Una manera de entender otro significado de la palabra Yoga es a través de una metáfora tradicional muy fecunda: la imagen del carromato. La función de un carromato es la de transportarnos o llevar nuestros enseres, pero para que cumpla dicha función las ruedas tienen que estar insertadas en los ejes del carromato, y éste a los caballos o bueyes a través de un enganche; los bueyes atados entre sí y ambos sujetos a unas riendas que maneja el cochero. Basta que una de las piezas esté ausente o mal colocada para que el carromato quede inmóvil indefinidamente. Para que nuestro medio de transporte esté a punto, las ruedas tienen que estar bien engrasadas, los ejes alineados, los bueyes alimentados y el equipaje bien sujeto.

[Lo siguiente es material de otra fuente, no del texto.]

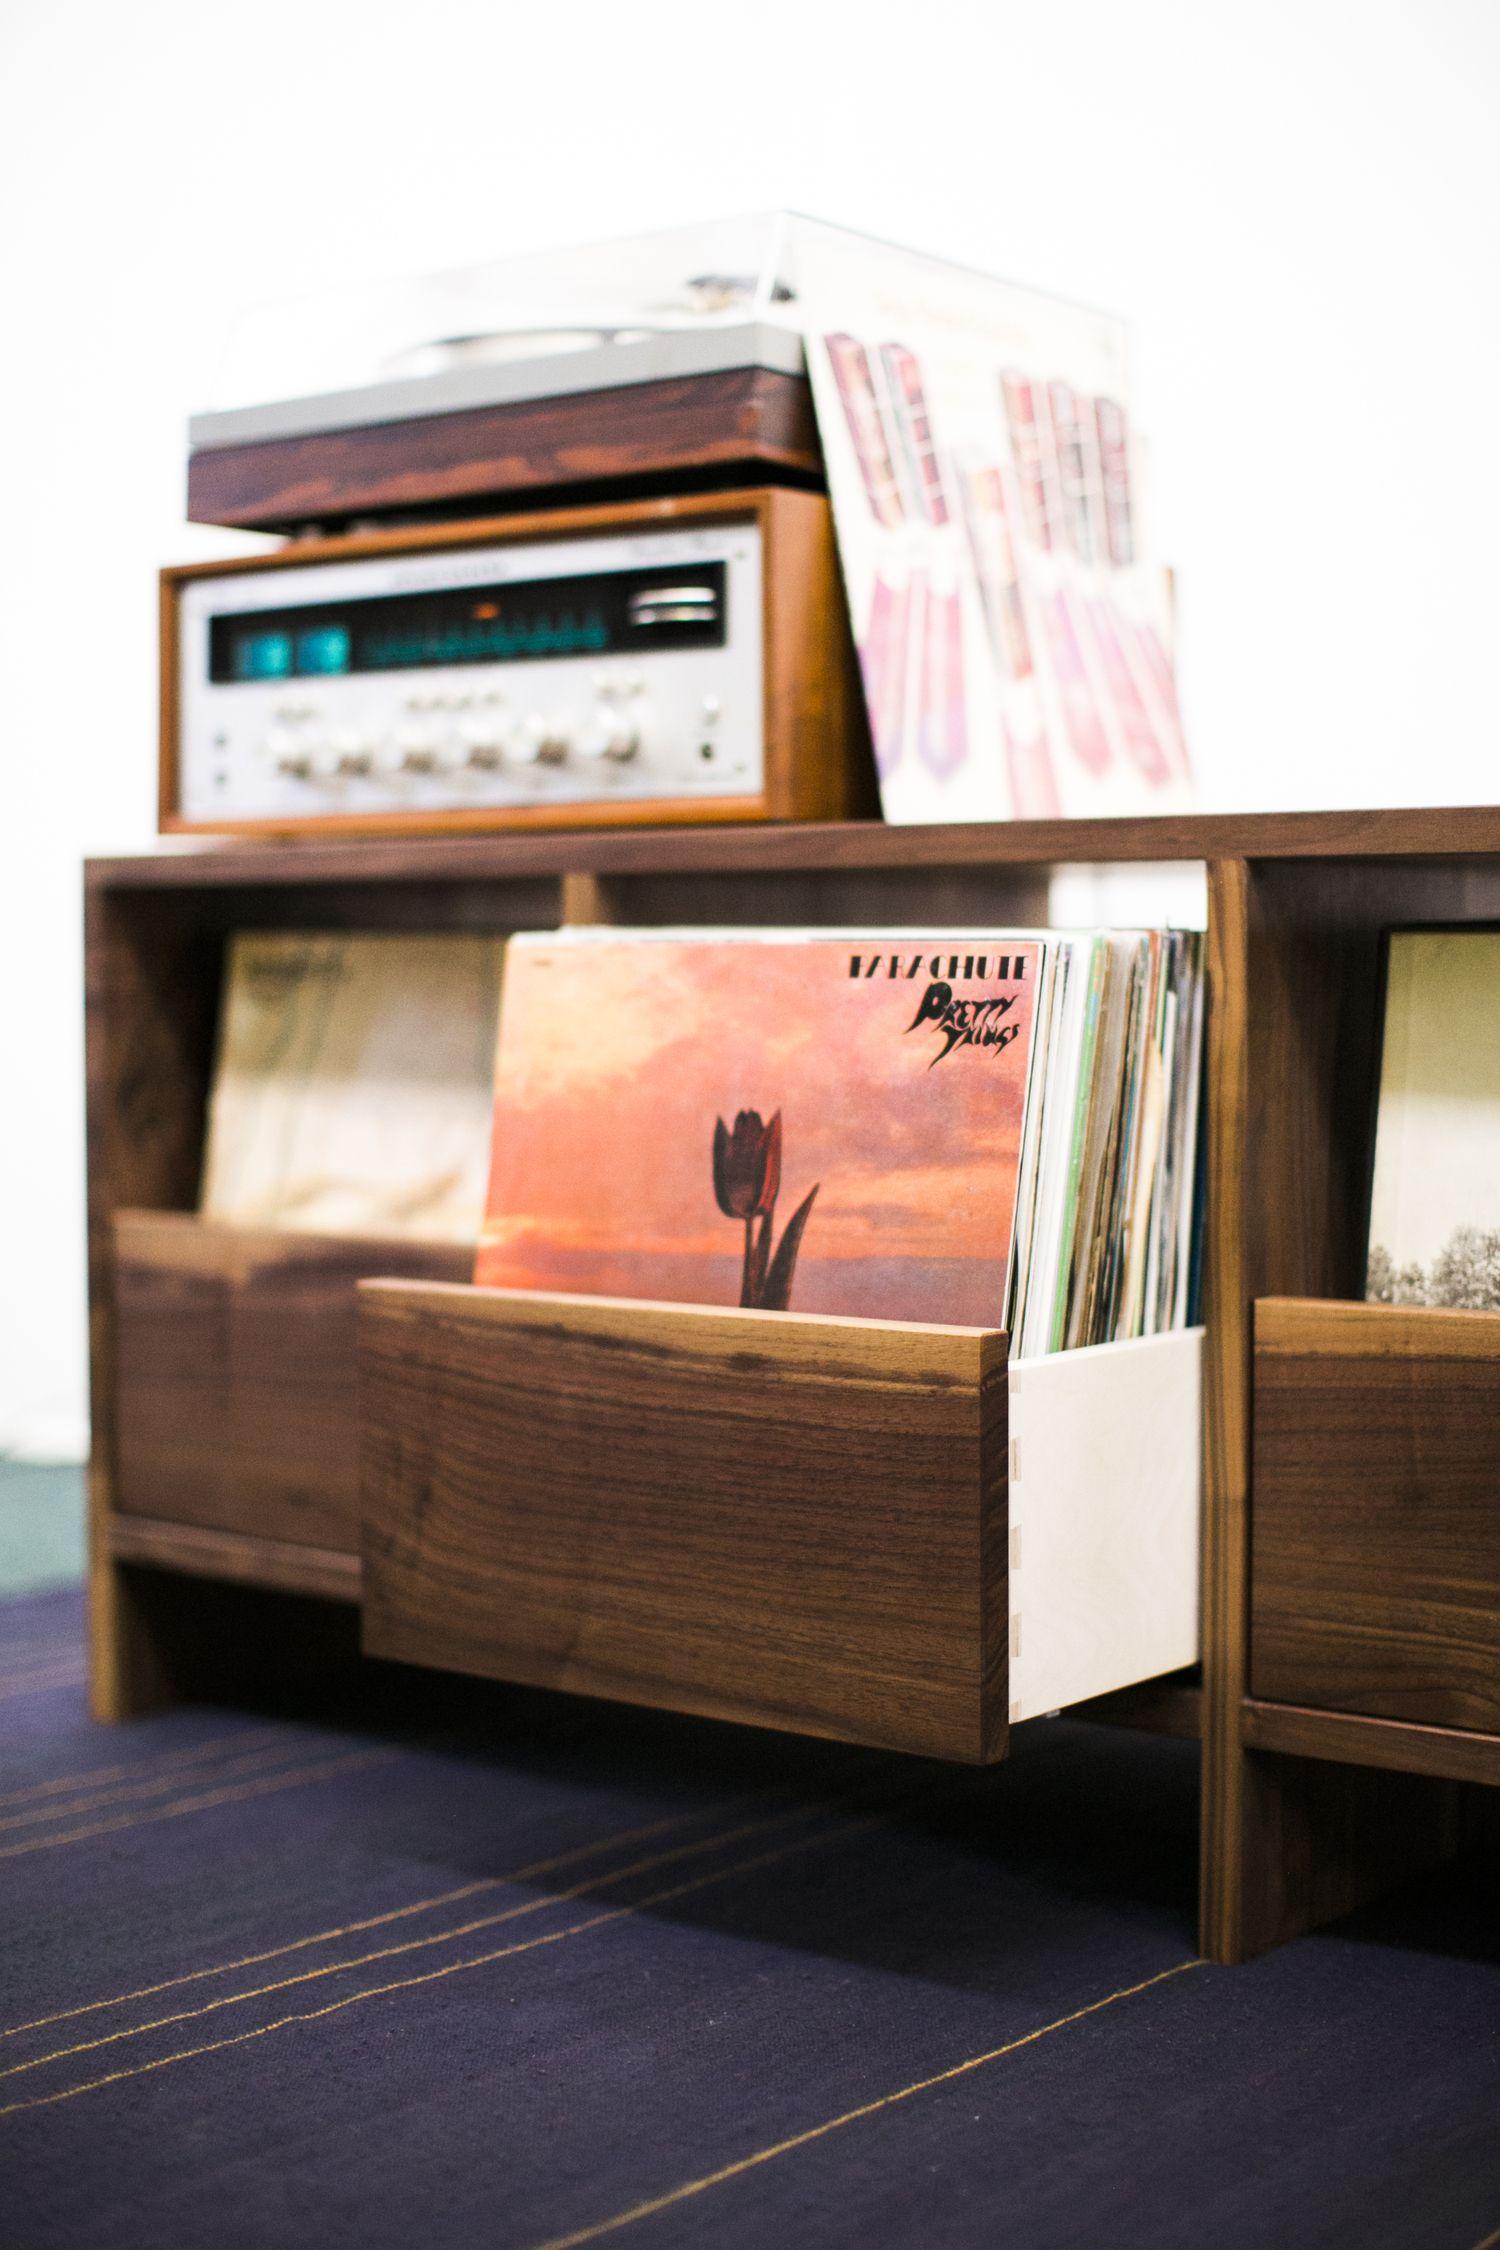 Best Kitchen Gallery: Vinyl Cabi Record Storage Vinyl Storage And Storage of Cabinet Storage Turntable on rachelxblog.com

La imagen que utilizamos es adecuada en tanto que podemos identificarla con la globalidad de la que formamos parte. El carromato podría ser nuestro cuerpo mientras que los bueyes la parte instintiva a la que a menudo hay que ponerle unas anteojeras porque fácilmente es tentada por los sentidos. Las riendas son nuestra mente que tiene capacidad para dirigir esa fuerza instintiva y el cochero, el yo, el pequeño yo que organiza y dirige el camino a emprender. No nos olvidemos que en el interior del carruaje vamos nosotros mismos, nuestro Ser profundo, sin el cual no tendría sentido ni carromato ni viaje alguno.

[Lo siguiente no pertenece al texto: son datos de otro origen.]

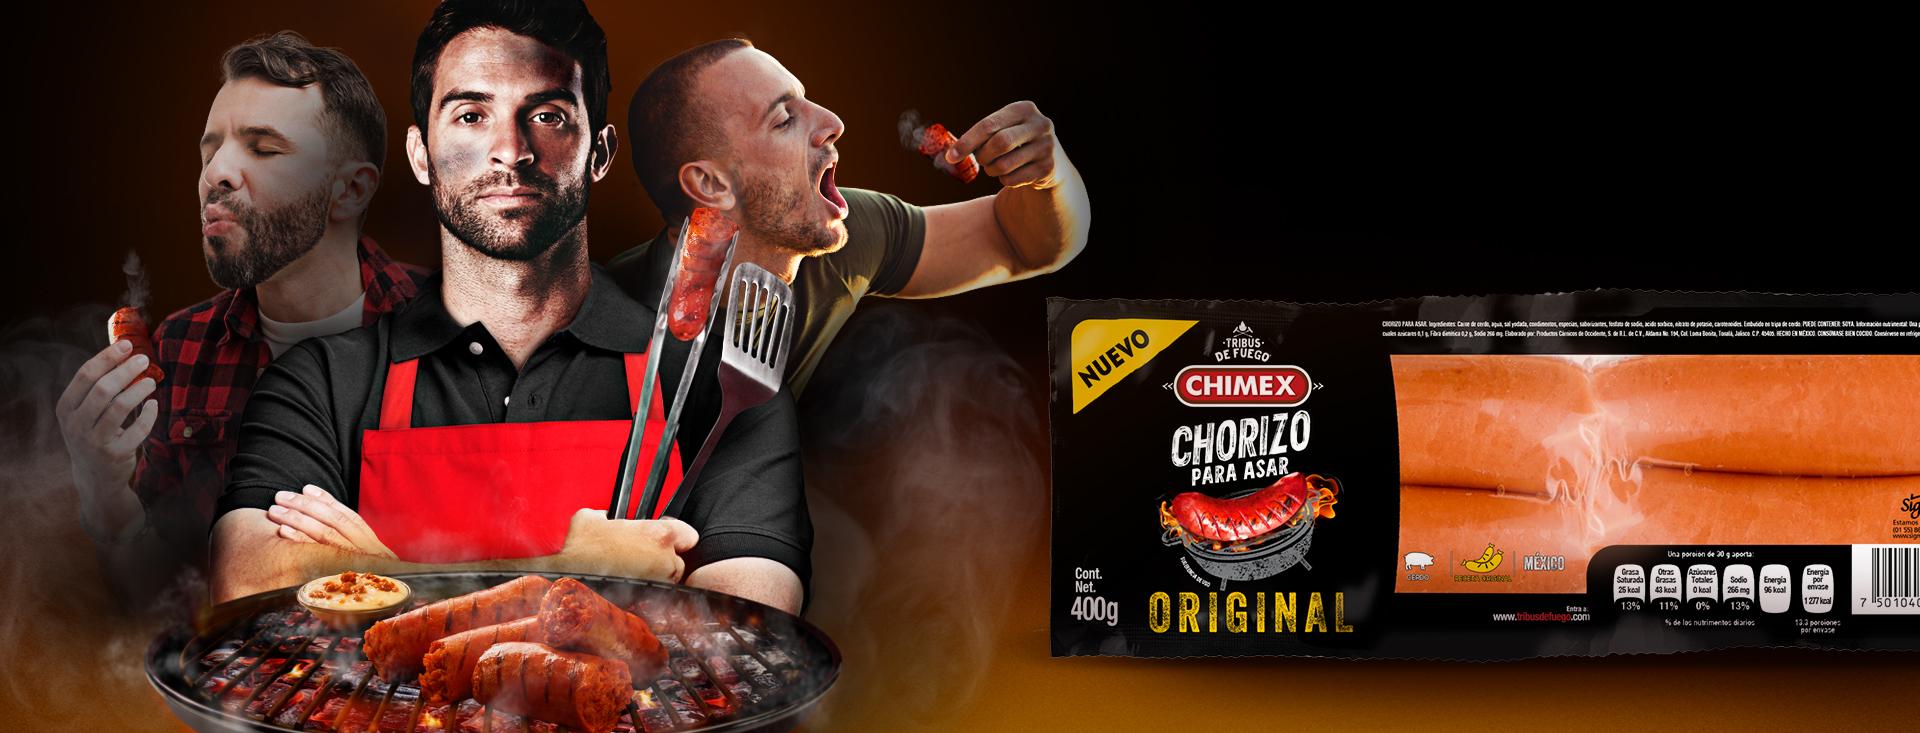 Chorizo para Asar Original

Es evidente que si el carromato tiene el freno echado, los bueyes desenganchados, el cochero no encuentra las riendas y nosotros estamos confusos, la posibilidad de hacer un viaje queda descartada. El Yoga nos ayuda a transformar el caos inicial en orden y a dialogar con los elementos opuestos para crear una nueva armonía.

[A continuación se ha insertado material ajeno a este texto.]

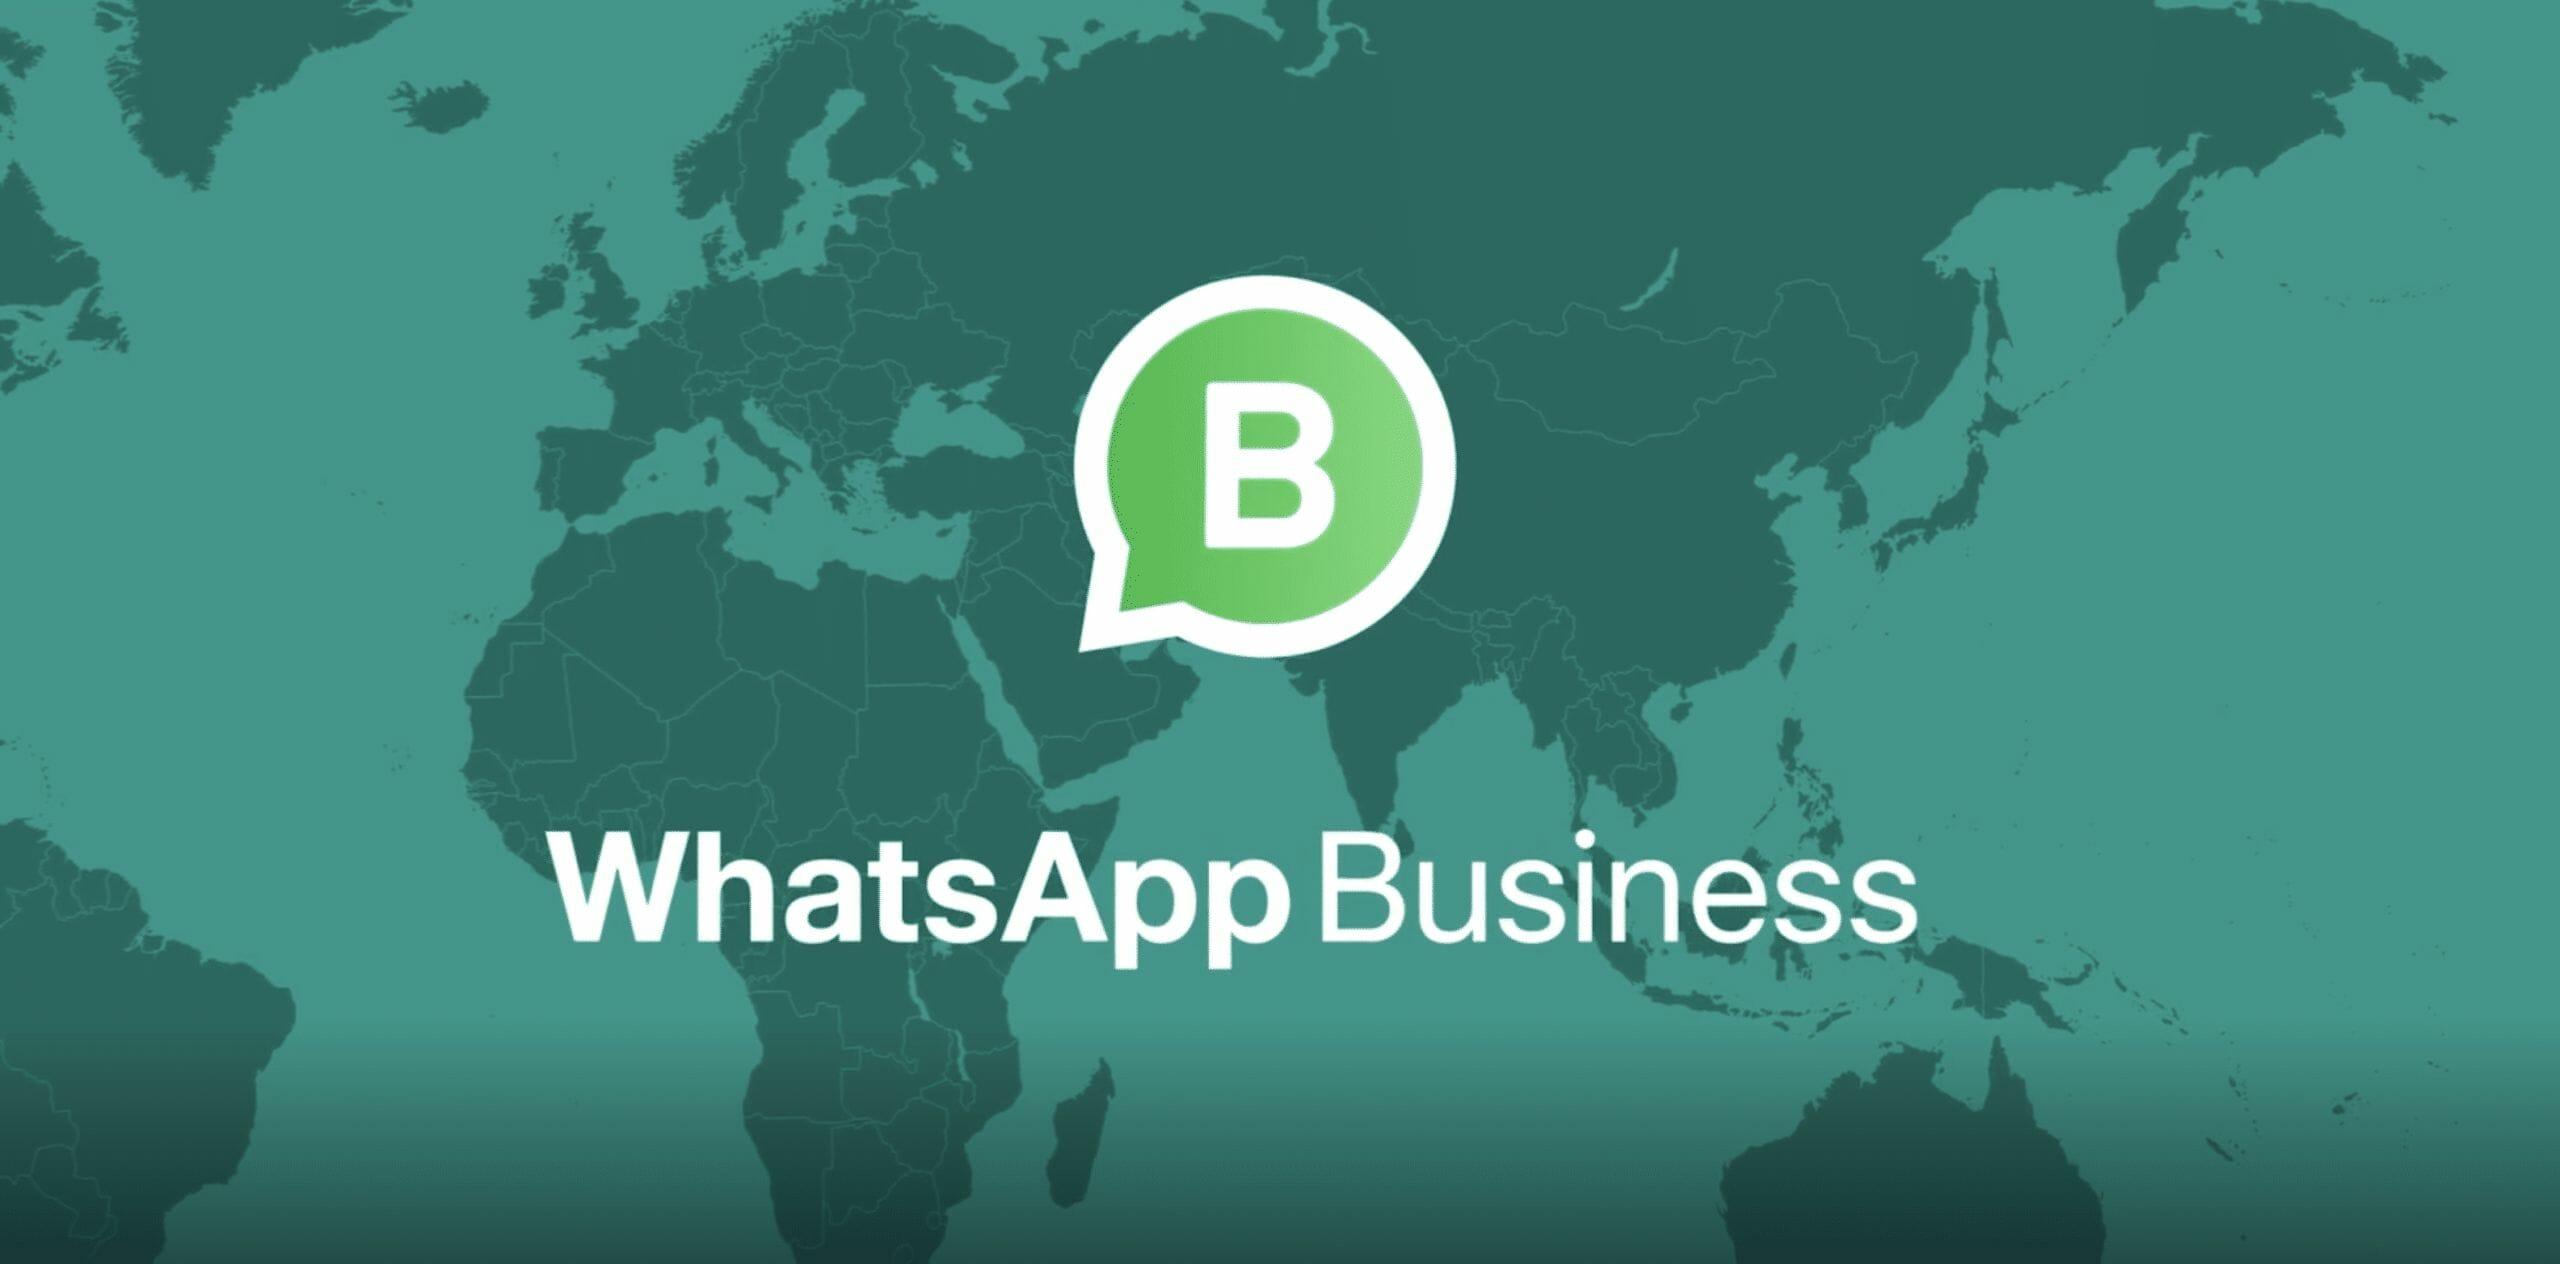 واتساب للاعمال WhatsApp Business

Una de las raíces de la palabra Yoga viene de yug que significa, entre otros: atar, uncir, unión, medio, magia y un largo etcétera, y también está emparentada con la palabra yugo, precisamente el yugo que hay que poner a los bueyes para que sigan unidos por el camino. Yoga, en este sentido, significa unión.

Buscamos unión pero parece ser que, en ese mismo camino de vida que recorremos, nos encontramos, sin quererlo, mucha disgregación. Les pasa a las parejas que aunque se quieran no se entienden, a los grupos religiosos que aunque persigan un mismo objetivo se ignoran, a muchas naciones vecinas que, aunque compartan gran parte de su historia, se odian. La desunión se da entre la humanidad y la naturaleza, a la cual necesitamos pero a la que no dejamos sorprendentemente de explotar y de aniquilar; desunión que habita incluso entre hombres y mujeres que, aunque seamos compañeros de vida, no cejamos en el control y a veces en el maltrato. Maltrato que también se da con los animales, con los niños o con las personas mayores, es decir, con los más débiles. Esta escisión se agrava cuando permanecemos insensibles ante el sufrimiento ajeno, cuando desconfiamos del vecino, cuando marginamos a un otro simplemente por ser diferente a nosotros. Esa fragmentación que reside en el mundo nos afecta, nos envenena y nos aliena, y no se sabe bien si es el mundo el que nos disecciona a su imagen y semejanza o somos nosotros mismos los que sembramos las semillas que después vemos crecer allá fuera.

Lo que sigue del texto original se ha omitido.